From docker-compose to Voltainer in one script

Tracebind compiles authorized browser sessions into typed APIs. To do that, it drives Auto Browser — an open-source controller that fronts an Xvfb + Chromium runtime via Playwright and exposes a REST/MCP API. Auto Browser ships as a docker-compose stack. We don't run Docker.

This post is the honest log of converting Auto Browser to Voltainer, ArmoredGate's hardened systemd-nspawn platform, in a single bring-up script. Useful if you are evaluating Voltainer, considering systemd-nspawn for production workloads, or trying to wean a non-trivial container stack off Docker. We will not pretend the conversion was clean. It was not. The script is now scripts/voltainer-up.sh and runs end-to-end in about thirty minutes on a cold host. Here is what got us there.

Starting point

Auto Browser's docker-compose.yml declares two services:

browser-node — Debian base image with Xvfb, Chromium, and a small Python supervisor that boots a Playwright server on :9223 plus VNC on :5900 and noVNC on :6080.
controller — FastAPI service on :8000 that talks to browser-node over WebSocket, exposes the REST/MCP surface, and persists session metadata to a shared volume.

The compose file mounts a named volume at /data on both services, runs them on a user-defined bridge network, and forwards a handful of ports to the host. Standard pattern. Nothing exotic.
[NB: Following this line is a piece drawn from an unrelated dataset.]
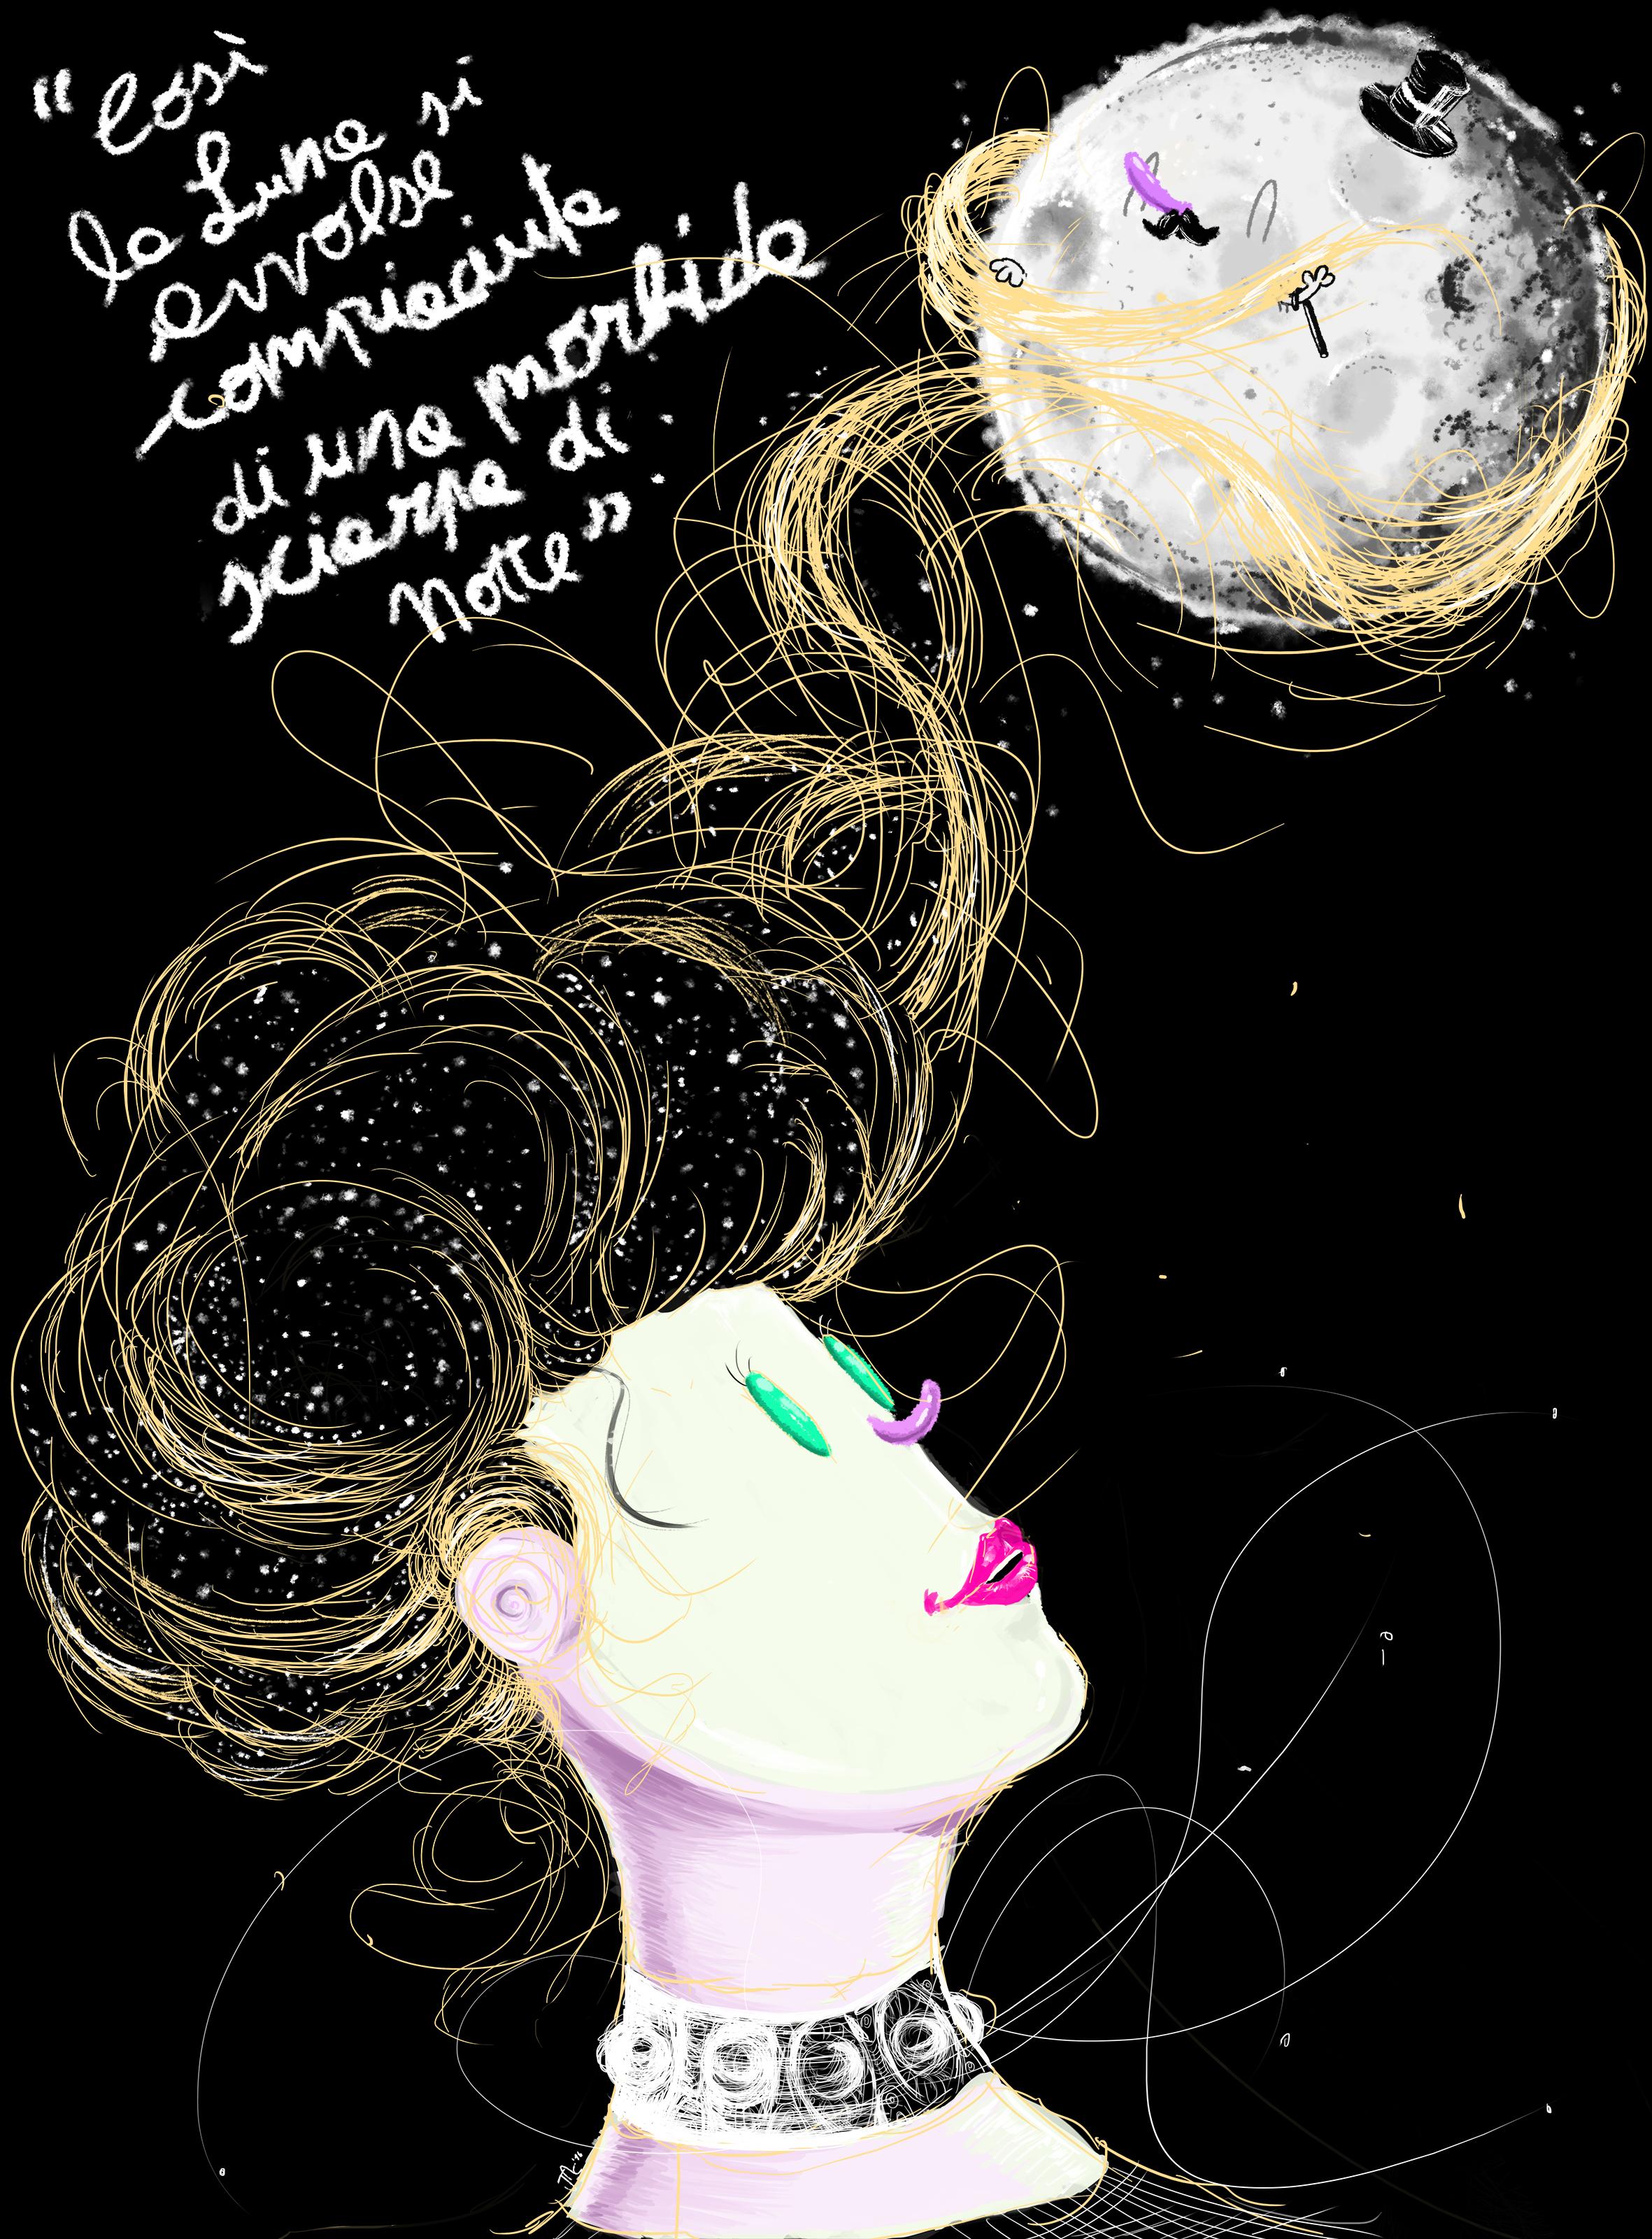 illustarzione-notte-bologna-ultra-vera-piccola

The translation target was Voltainer, which converts OCI images into systemd-nspawn machines with Landlock confinement, capability dropping, seccomp filtering, and CAS-backed content storage. Voltainer manifests are JSON; bring-up is two shell commands: voltainer create $manifest_id then voltainer start $manifest_id. The ArmoredForge build tool sits in the middle, taking an OCI tarball and producing the manifest plus the CAS blobs.

The plan looked clean on paper:

buildah bud the two Dockerfiles into OCI images.
buildah push them as docker-archive tarballs.
forge convert --input-tarball to emit a Voltainer manifest per service plus a content-addressed blob store.
jq an overrides layer into each manifest to wire env, ports, and bind mounts.
voltainer create and voltainer start both services on the voltbr0 bridge.

In practice each of those steps surfaced something. We will go through them in order.

Stage 1 — buildah

This was the easy part. buildah is a drop-in for docker build in 95% of cases. Auto Browser's Dockerfiles use multi-stage builds, COPY with chown, ARG/ENV mixing, and a HEALTHCHECK. All of it just worked under buildah with the same arguments. We use --layers for the build cache so re-runs are seconds, not minutes:

buildah bud --layers -t auto-browser-browser-node:1.1.0 \
  -f browser-node/Dockerfile browser-node/

The output goes to buildah's local store; buildah push then exports each image as a tarball ArmoredForge can read.

Stage 2 — ArmoredForge convert

ArmoredForge does the actual work of turning an OCI tarball into a Voltainer manifest. It walks the image, content-addresses every file into the shared CAS (/var/armored/cas/blobs/), and emits a manifest JSON that points at the blob set.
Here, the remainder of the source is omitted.